I picked up 2 lbs of Santiam hops from a startup brewery here in Chicago. I want to play around with them a bit. I want to start with a simple lawnmower beer and then maybe make a session or kolsch next. Here is my simple pale ale or lawnmower beer recipe.

Fermentables
6 lb LME - Briess Pulsen Light

Steeping Grains
Amount Fermentable °L
.05 lb American - Caramel / Crystal 10L

Hops:
Amount Variety Type AA time ibu
1 oz Santiam Pellet 6.5Boil 60 min 22.64
1 oz Santiam Pellet 6.5 Boil 20 min 13.71
2 oz Santiam Pellet 6.5 Boil 5 min 8.2

Yeast
dry yeast Safale us-05

I am planning on only putting half the extract in before hops and then putting second in at around 10-15 minutes left in boil to help with keeping color light.

Any input or suggestions are welcome, thanks.
 
I have made about 6 kits and want to expand on my brewing with out going all grain.
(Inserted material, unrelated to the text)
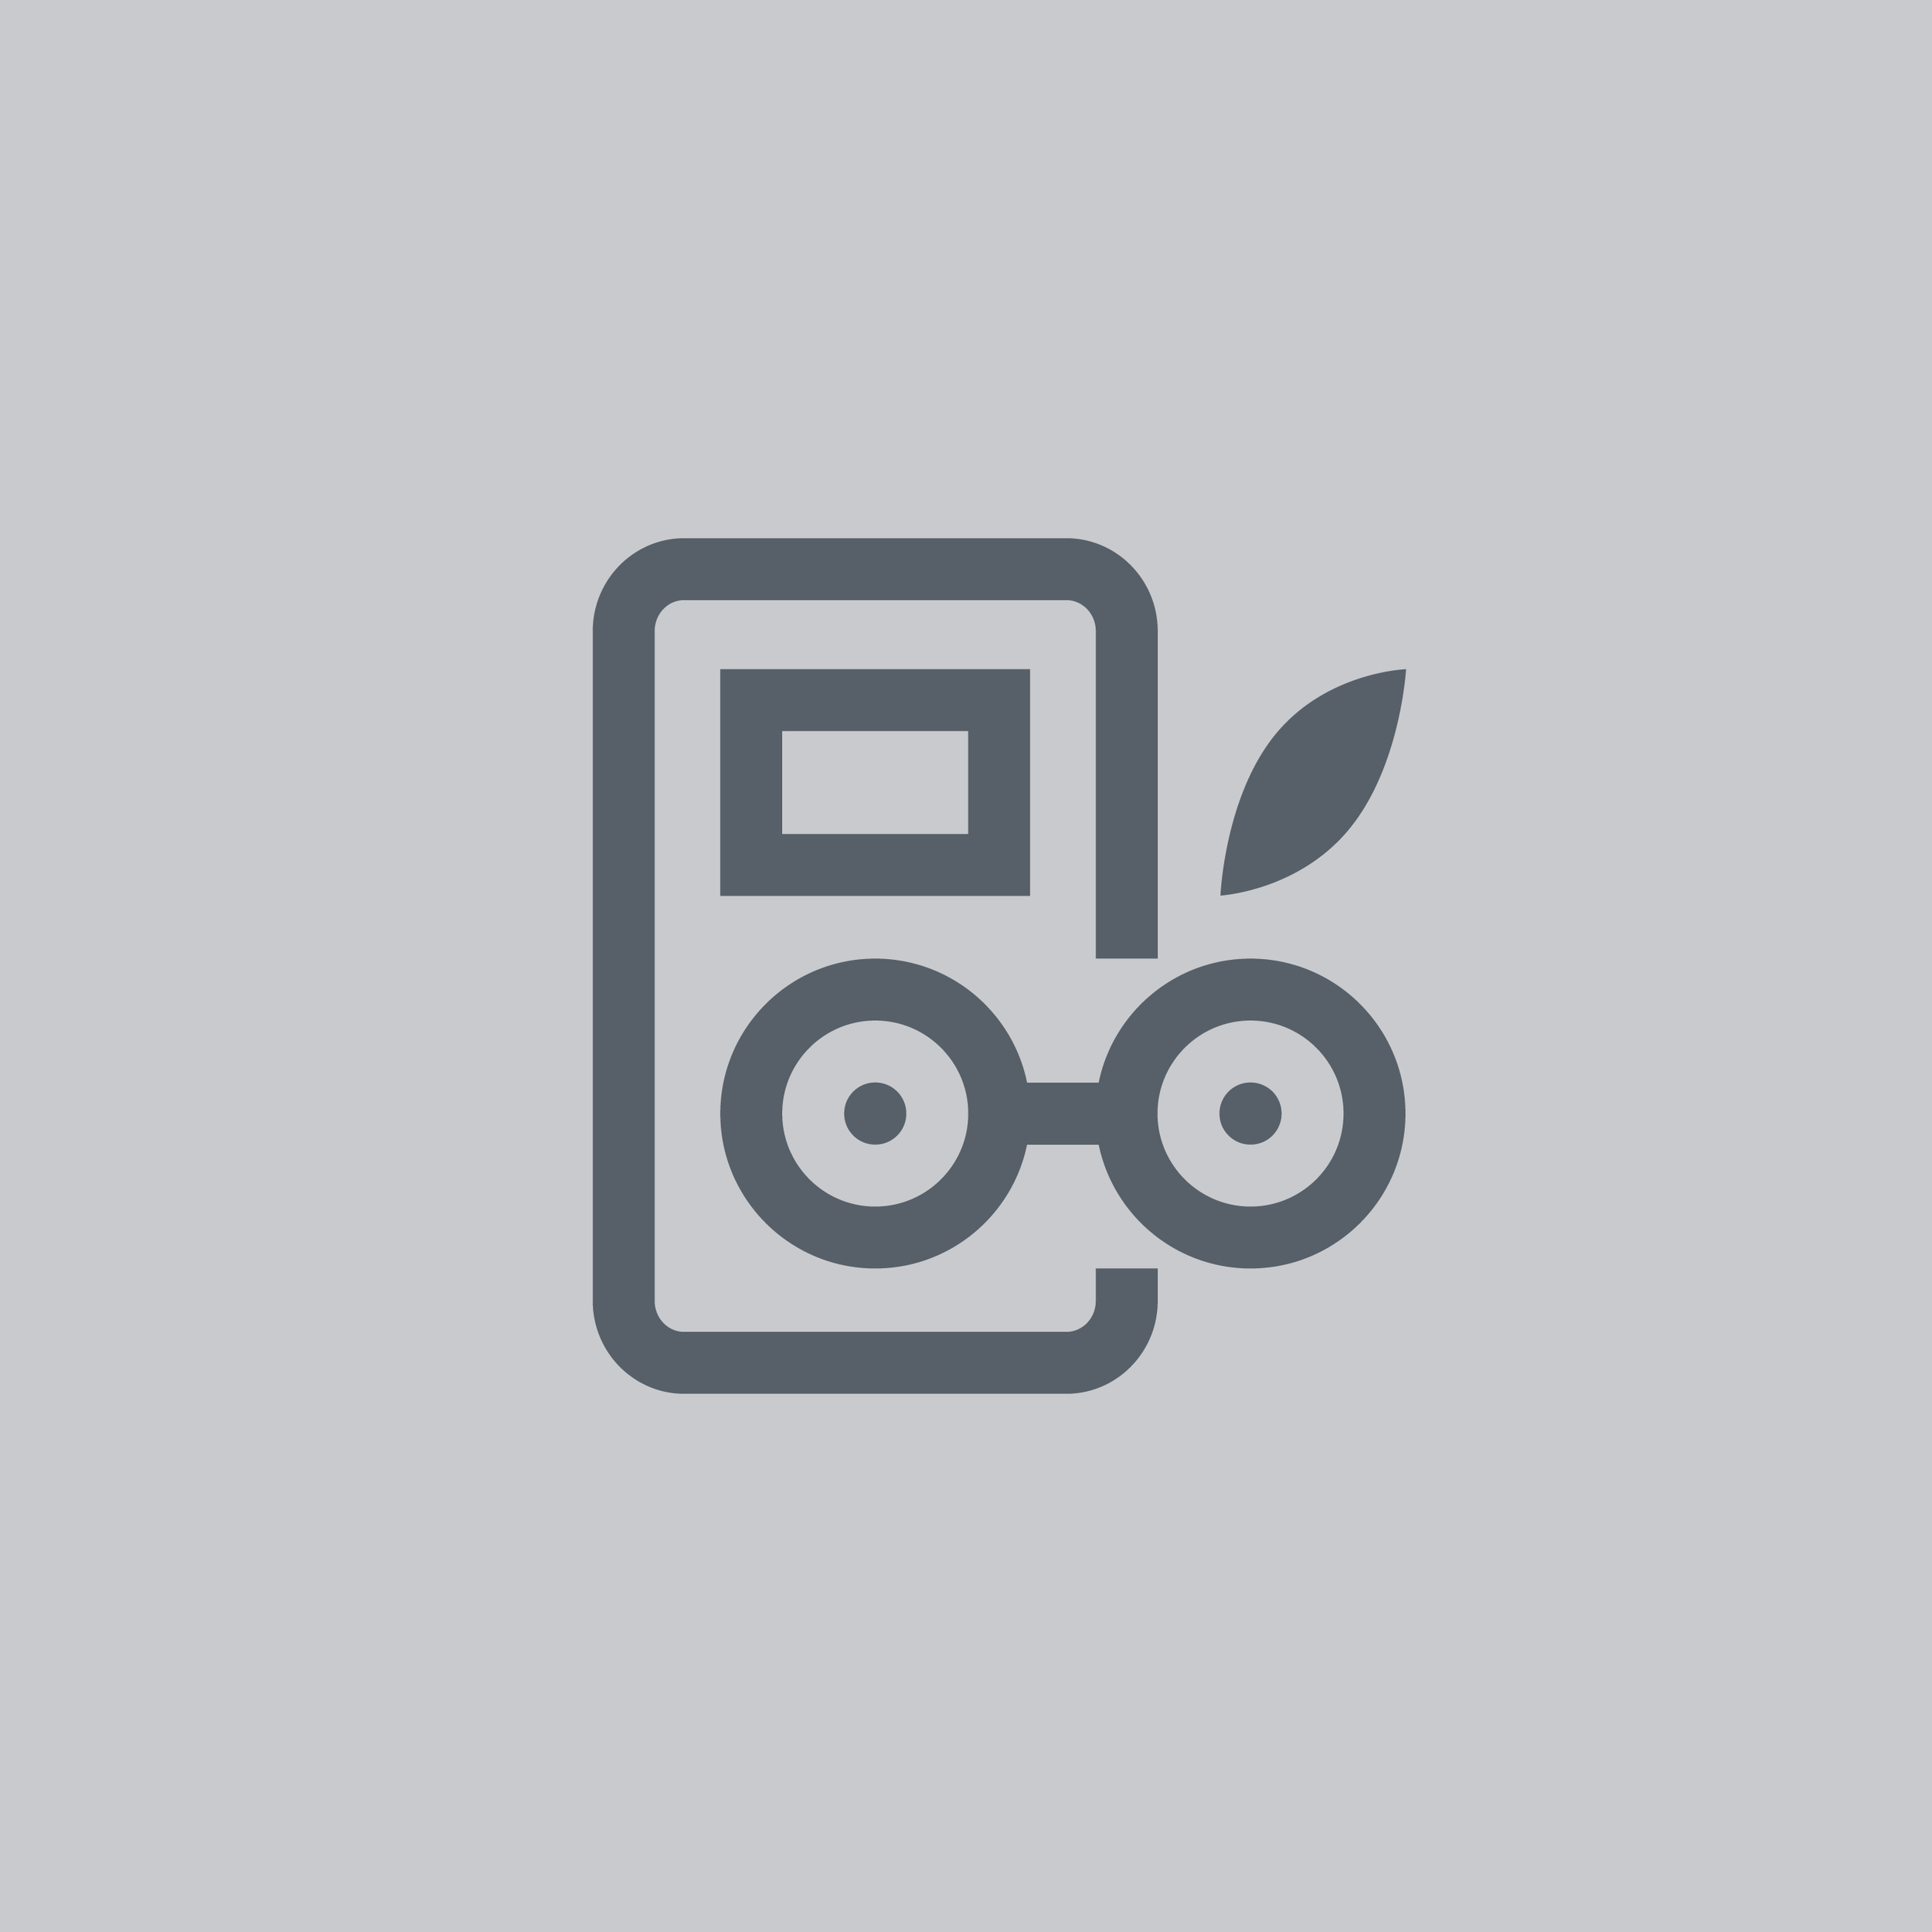 Steve Jobs - iPod - Apple

I usually work 50-60 hours a week so extract saves me time on brew day.

I picked up 2 lbs of Santiam hops from a startup brewery here in Chicago. I want to play around with them a bit. I want to start with a simple lawnmower beer and then maybe make a session or kolsch next. Here is my simple pale ale or lawnmower beer recipe.

Fermentables
6 lb LME - Briess Pulsen Light

Steeping Grains
Amount Fermentable °L
.05 lb American - Caramel / Crystal 10L

Hops:
Amount Variety Type AA time ibu
1 oz Santiam Pellet 6.5Boil 60 min 22.64
1 oz Santiam Pellet 6.5 Boil 20 min 13.71
1 oz Santiam Pellet 6.5 Boil 5 min 4.51

Yeast
dry yeast Safale us-05

I am planning on only putting half the extract in before hops and then putting second in at around 10-15 minutes left in boil to help with keeping color light.

Any input or suggestions are welcome, thanks.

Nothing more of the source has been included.